- _ABOUT THIS TASK_: In your copy of the listing below, reproduce each word exactly and include no pictures.

- _RAW DATA_:

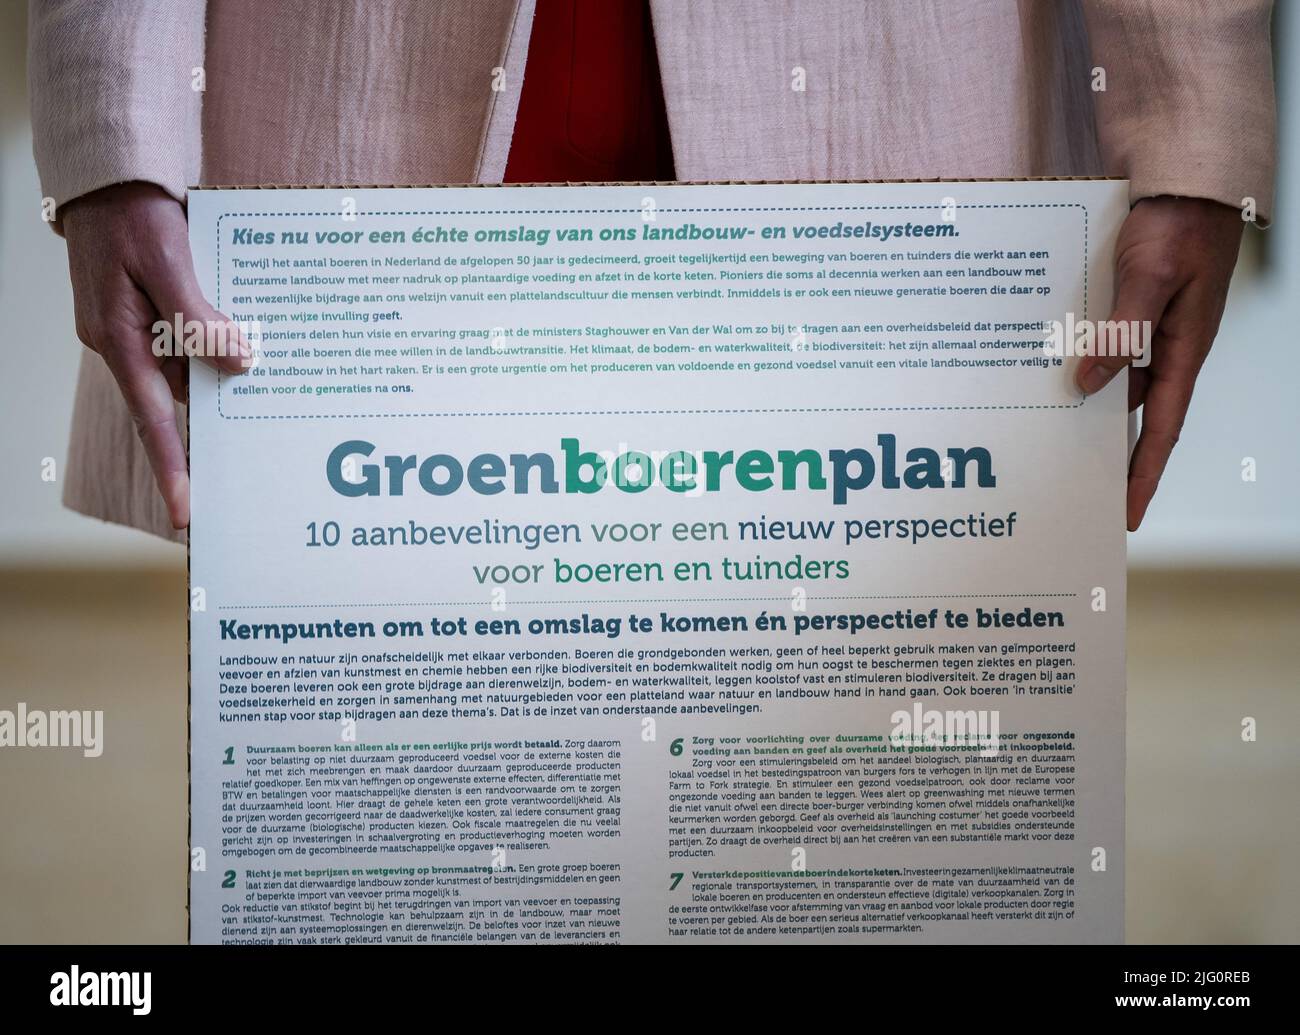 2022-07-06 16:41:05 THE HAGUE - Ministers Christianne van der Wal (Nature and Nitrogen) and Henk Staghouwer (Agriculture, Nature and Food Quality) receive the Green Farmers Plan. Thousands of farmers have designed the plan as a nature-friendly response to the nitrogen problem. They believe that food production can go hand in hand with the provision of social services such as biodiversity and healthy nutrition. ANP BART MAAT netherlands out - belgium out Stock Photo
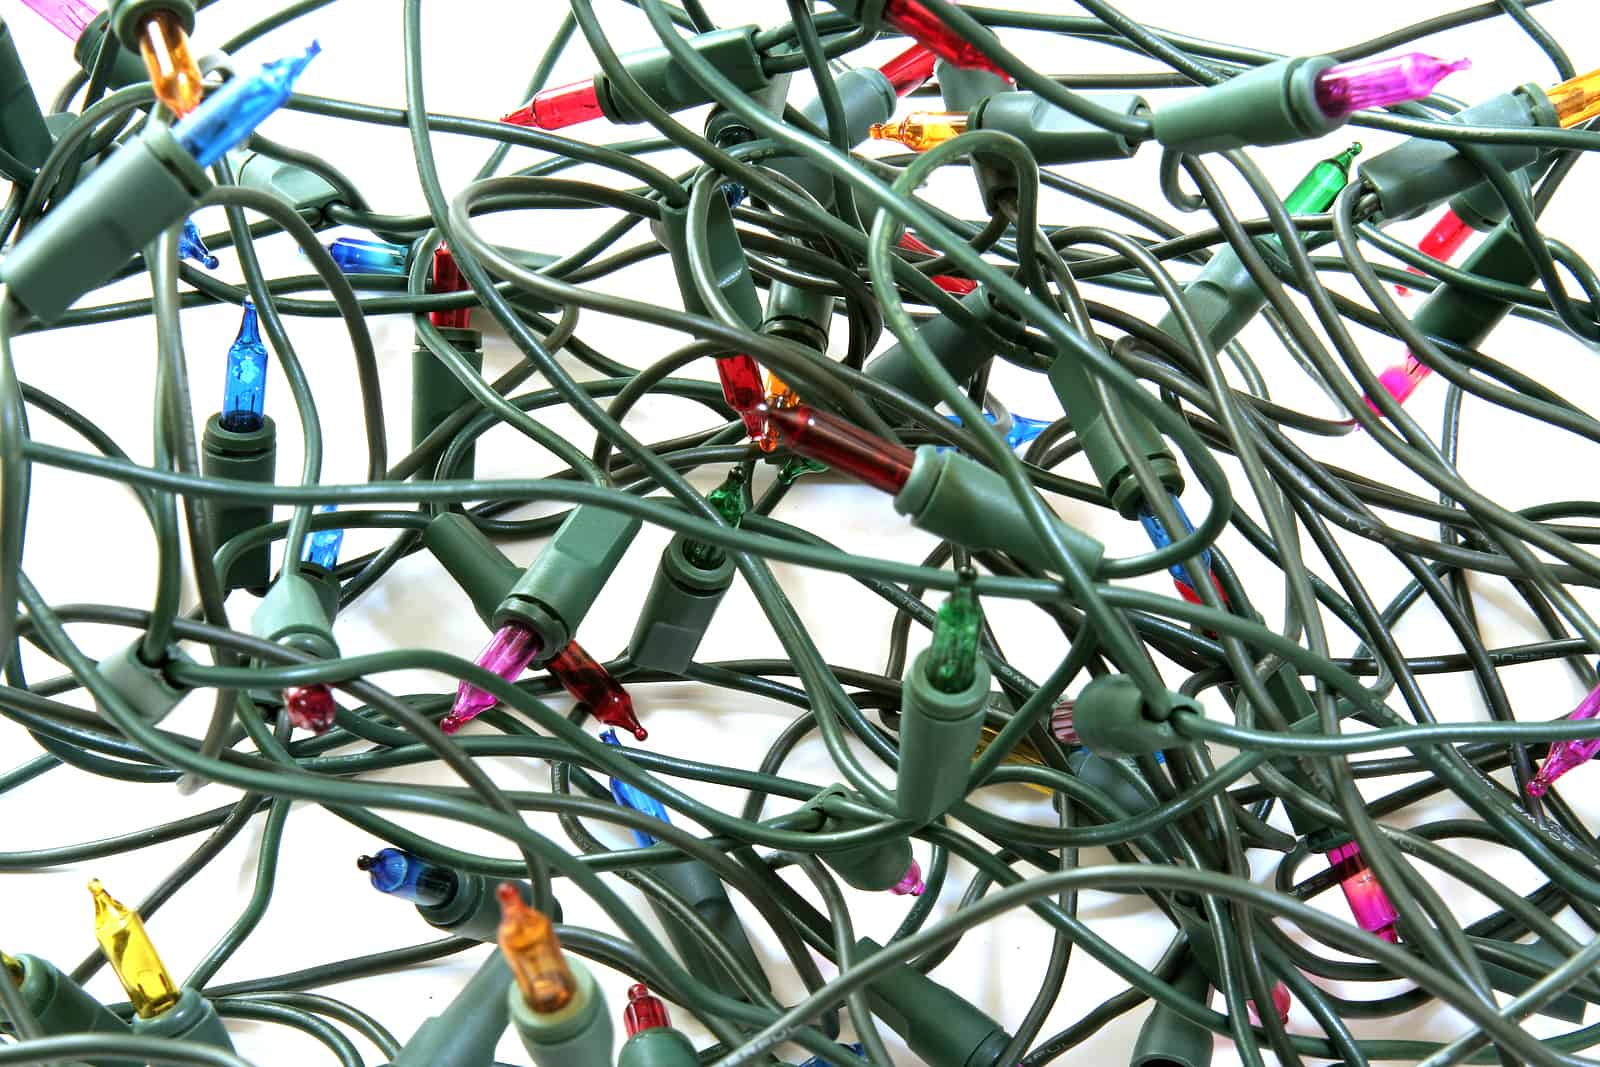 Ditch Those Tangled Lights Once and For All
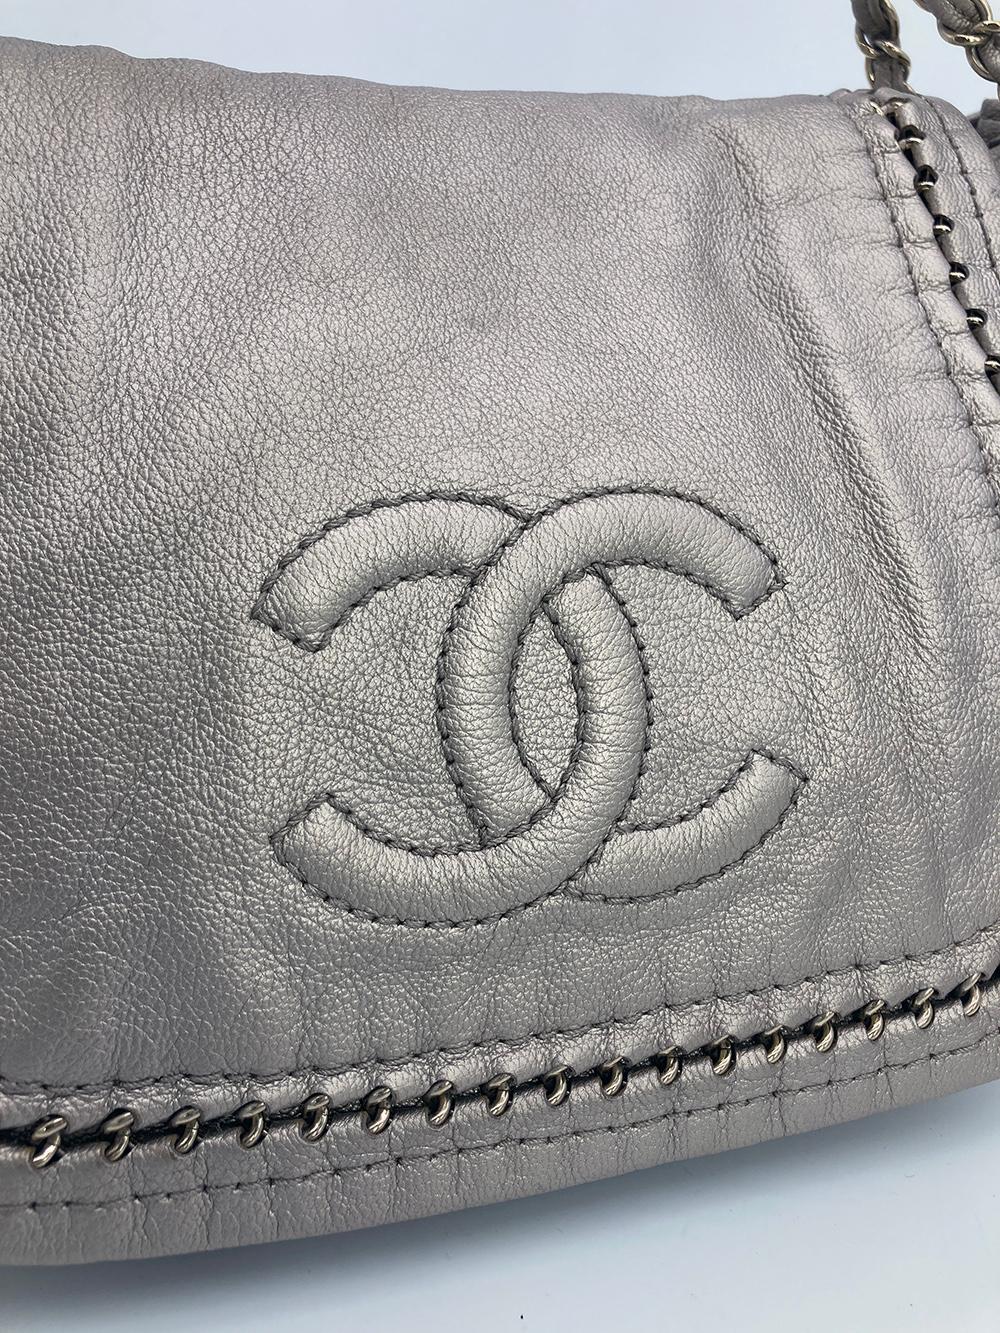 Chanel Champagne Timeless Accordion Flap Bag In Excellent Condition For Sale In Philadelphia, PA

- _YOUR SOLUTION_:
 2022-07-06 16:41:05 THE HAGUE - Ministers Christianne van der Wal (Nature and Nitrogen) and Henk Staghouwer (Agriculture, Nature and Food Quality) receive the Green Farmers Plan. Thousands of farmers have designed the plan as a nature-friendly response to the nitrogen problem. They believe that food production can go hand in hand with the provision of social services such as biodiversity and healthy nutrition. ANP BART MAAT netherlands out - belgium out Stock Photo
 Ditch Those Tangled Lights Once and For All
 Chanel Champagne Timeless Accordion Flap Bag In Excellent Condition For Sale In Philadelphia, PA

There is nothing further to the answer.